Cumhurbaşkanlığı Sağlık Danışmanı görevini yürüten Prof. Dr. Nedime Serakıncı, “2. Uluslararası Kanser Araştırmaları ve Tedavileri” konulu uluslararası bir webinerinde davetli “keynote” konuşmacı olarak katıldı.

Prostat kanserinin erken teşhisine ilişkin çalışması hakkında bilgilendirme yapan Serakıncı’nın konuşması  “phenomenal and worthy” (olağanüstü layık) seçilerek kendisine teşekkür belgesi verildi.

Belgede Prof.Dr. Nedime Serakıncı’nın görev yeri, “Turkish Republic of Northern Cyprus Presidency” (KKTC Cumhurbaşkanlığı) olarak belirtildi.
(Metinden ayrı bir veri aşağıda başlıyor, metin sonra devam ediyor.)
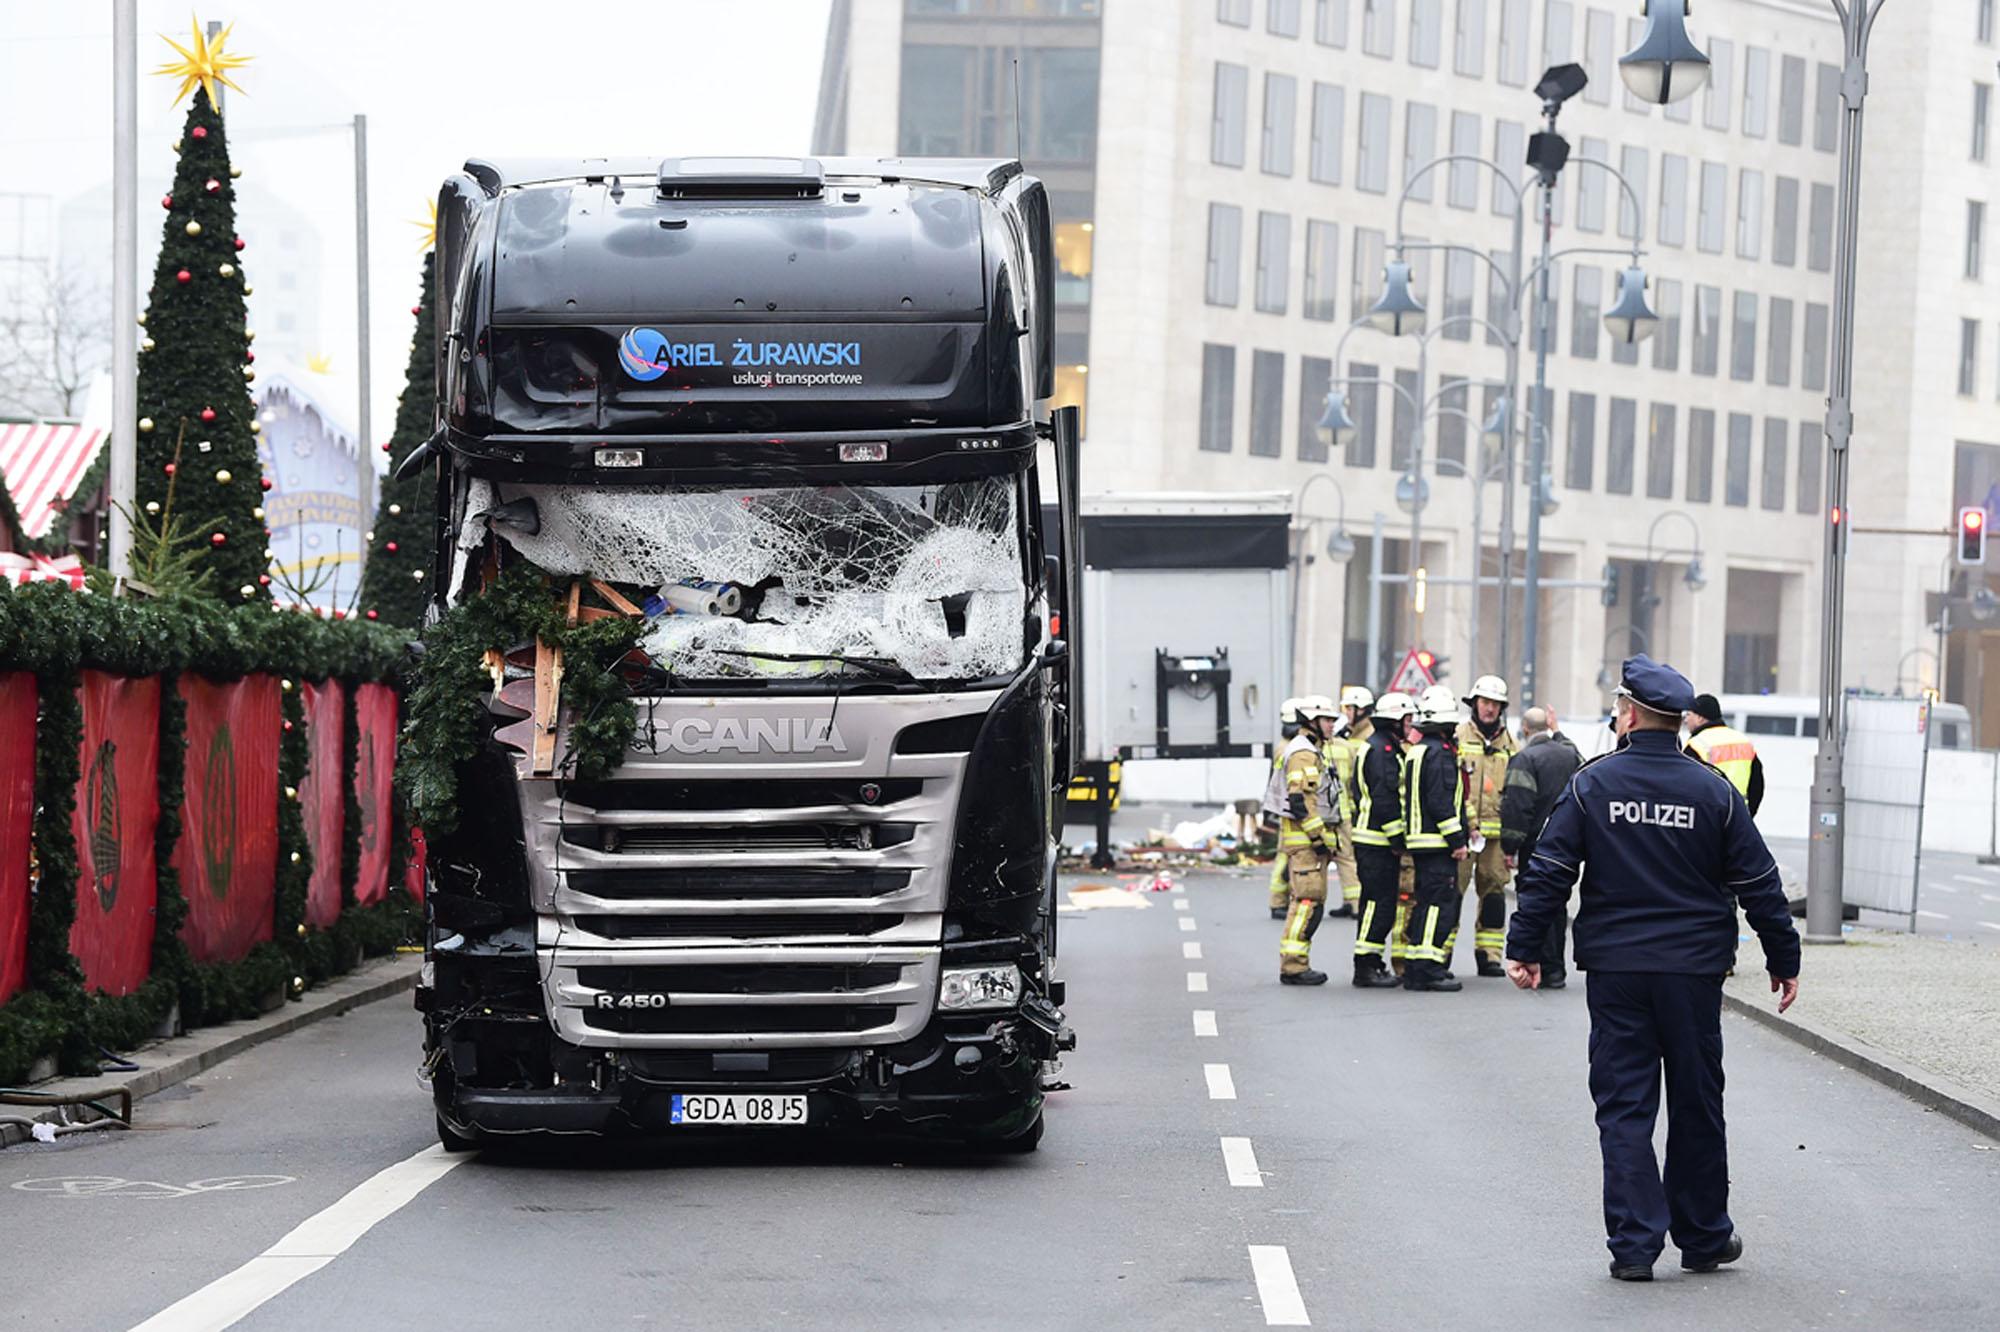 Berlin …terror attack?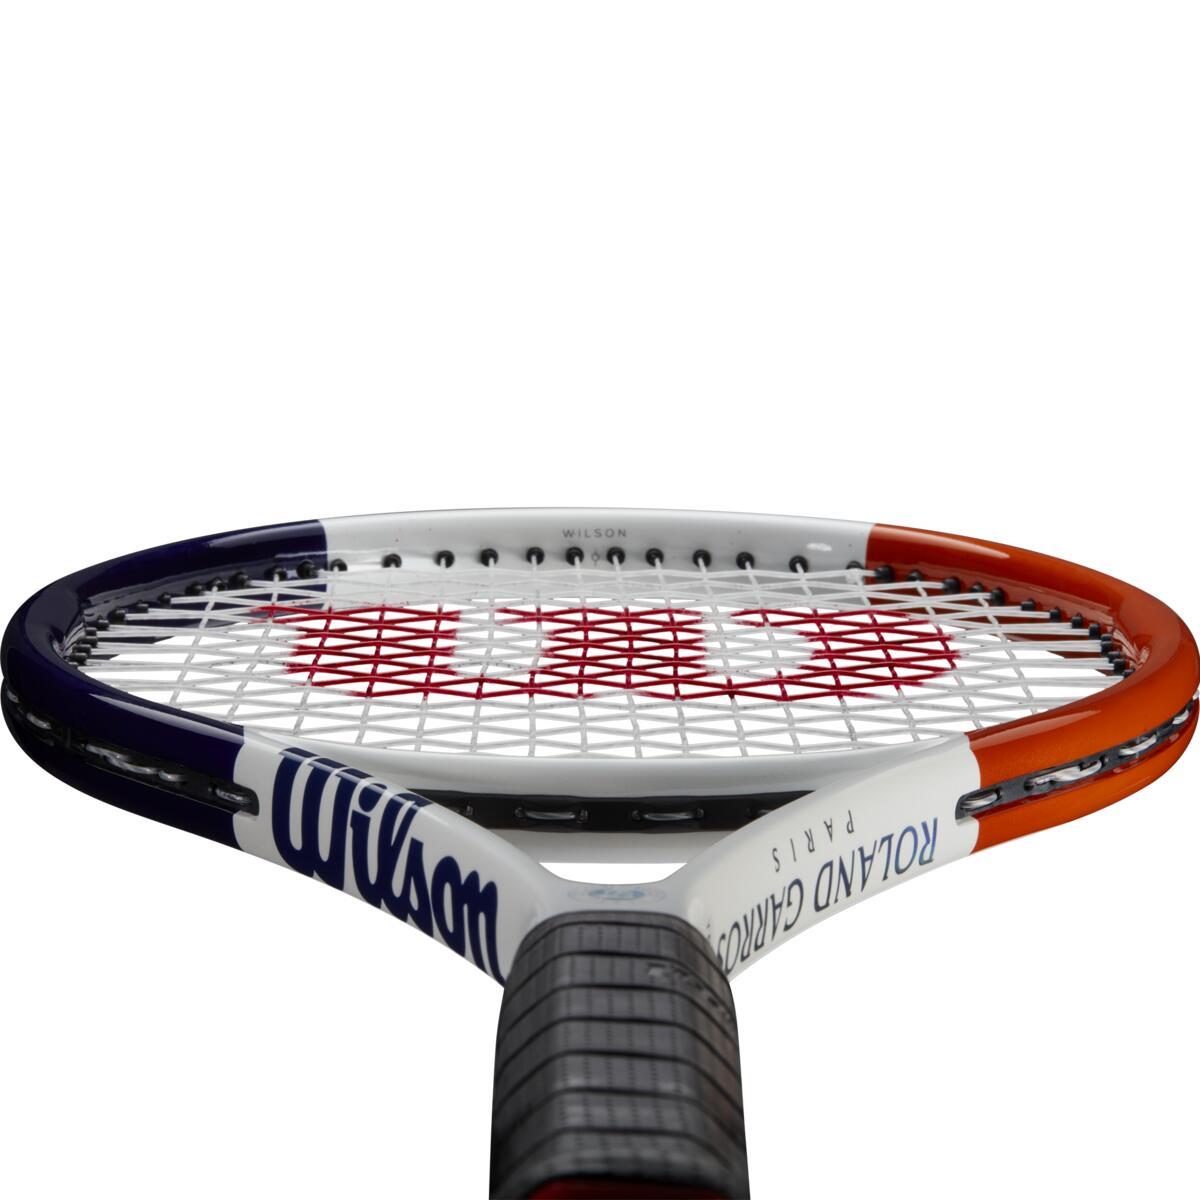 WR030310U_3_Roland_Garros_Team_102_WH_NV_OR.png.cq5dam.web.1200.1200

Uluslararası bir kongrede “keynote” konuşmacı olarak davet edilmenin önemine işaret eden Serakıncı, “bu durum, uluslararası alanda yaptığınız çalışmalar ile kabul gördüğünüzü ve kendi bilim alanınızda öncülerden kabul edildiğinizi ifade eder. Bunun üzerine tüm keynote konuşmacılar arasında “olağanüstü ve layık” (phenomenal and worthy keynote) seçilmiş olmak da ülkem ve kendim adıma gurur verici ve önemlidir” dedi.

Serakıncı, KKTC adına  daha da önemlisinin  “olağanüstü ve layık” seçilmeme ödül olarak verilen belgelerindeki KKTC vurgusu olduğunu kaydeden Serakıncı, böylece bilimle KKTC’ye uygulanan amborgoları, yaptığı çalışmalarla bir kez daha delelerek, ülke tanıtımına katkı koyduğunu vurguladı.

-“Bilimsel çalışmaların sayısı değil içeriği önemli. Ambargoları kaliteli çalışmalarla delebilirsiniz”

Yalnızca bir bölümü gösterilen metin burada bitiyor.